There is nothing on earth like the whimsical landscape surrounding and encompassing Göreme. When you travel to this cave city by bus, it’s entirely hidden from view until you’re upon it. And then, suddenly, the valley opens up and you’re met with an incredible view of a city where rock blends into modern building materials seamlessly. Fairy chimneys, the distinctive (and very phallic) rock structures that the region is famous for, are scattered among the caves and buildings with lights glittering in windows hand-carved millennia ago.

It’s hard to say if Göreme, and the whole surrounding region of Cappadocia, is more impressive for its natural wonder, with huge valleys full of cultivated greenery gone wild and distinctive colored rock formations, or for the human history of the region and the sheer scale of the tunnels and caves which were carved into a unique and unforgettable city.

Just a kilometer and a half out from the city center is the Göreme Open Air Museum, which is a must see. There are audio guides available or you can visit with a tour group. But there are also plenty of informational signs around, so a guide isn’t necessary. The museum features ancient Christian churches with fantastic murals preserved inside them. Shell out a couple of extra lira to visit the Dark Church; it was the most incredible of the cave churches there, and I was able to bribe the guard with a cigarette to let me take photos inside!

Most of the hotels and hostels in Göreme are cave hotels, so the rooms are carved out of rock, and they range in price from budget rooms to fancy cave suites. There’s something for every traveler to this region and hiking in the valleys around Göreme yields lots of crumbly cave structures to explore. If you get up at sunrise, you’ll see the whole valley filled with hot air balloons in a scene so surreal and magical you will never forget it!

4. Derinkuyu, Turkey

Scattered between Georgia and Turkey are a series of cave cities that have to be seen to be believed, ranging from monasteries to hand-carved underground super-structures.

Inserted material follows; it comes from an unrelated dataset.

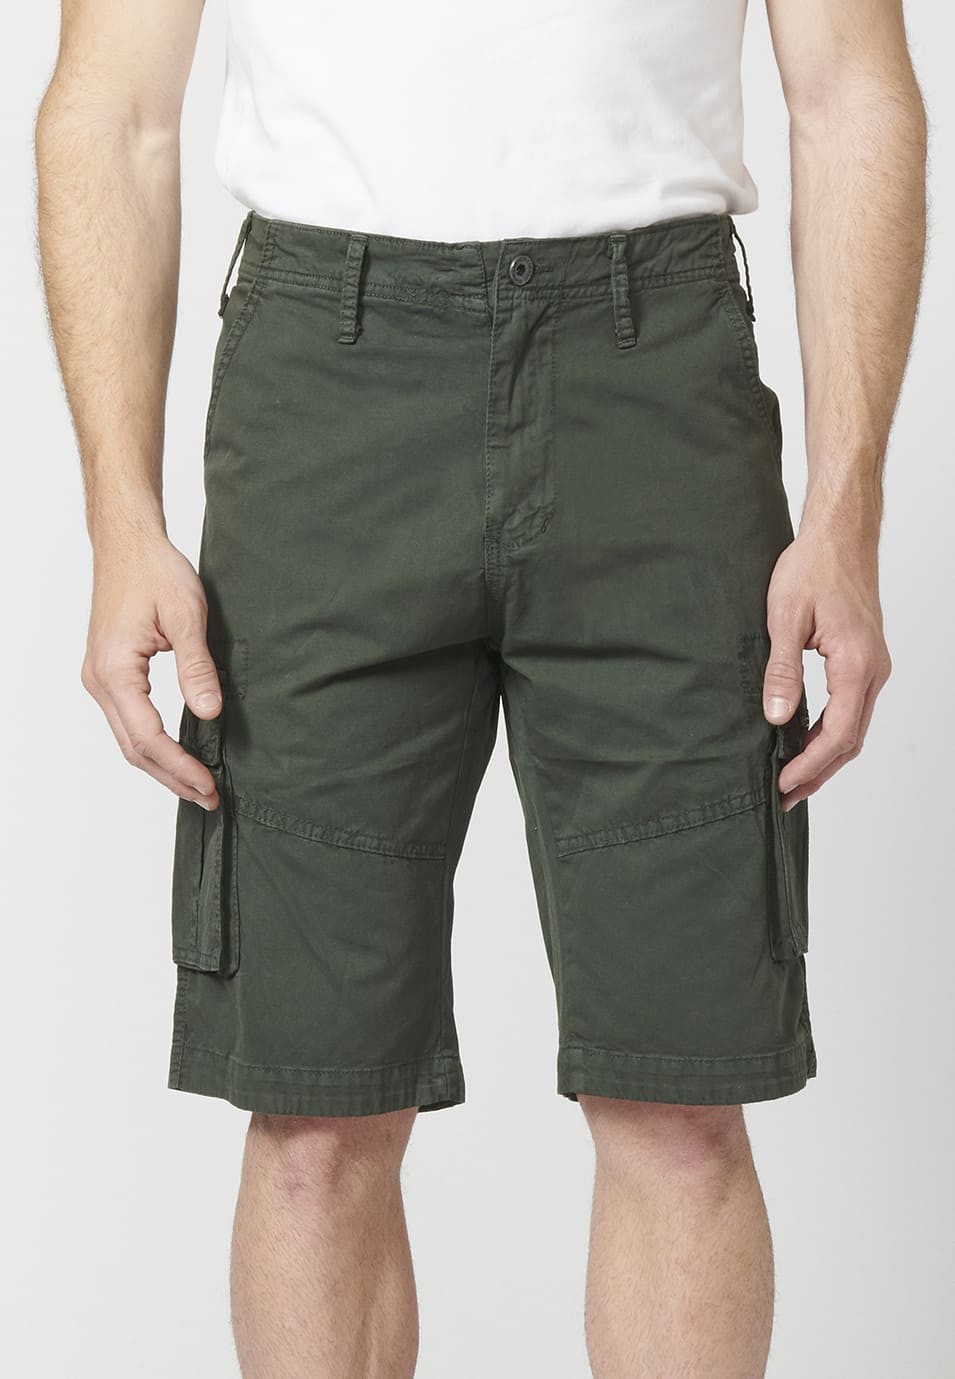 Bermuda pantalón corto estilo cargo para hombre con seis bolsillos 3

Derinkuyu is an underground super cave city located in the Cappadocia region of Turkey. And when I say super city, I mean super city. It’s believed that the beginnings of Derinkuyu were carved out in the 7th and 8th century BC, but fringe archeologists will tell you it predates the last ice age and was used to protect humans from massive solar flares. You’ll have to see it for yourself to decide what you think!

The structure extends approximately 200 feet below ground. Tourists can only visit the first eight levels, but there’s enough there to make for a wild and potentially endless game of hide and seek. You’ll spend nearly ten minutes just descending down a narrow staircase intersected by doorways that were once covered by massive circular stone doors before it opens up into a huge pillared cavern. That’s when the real fun begins.

The sheer scale of Derinkuyu is almost unbelievable. It was designed to hold up to 20,000 people and their livestock. You can see where wine was made, where animals were kept, and where refectories stood with long carved out tables and benches. There isn’t a lot of signage here to guide you, but the tour groups tend to move through it pretty quickly. I recommend going on your own and really exploring. You can always eavesdrop on a tour group if you see something especially interesting.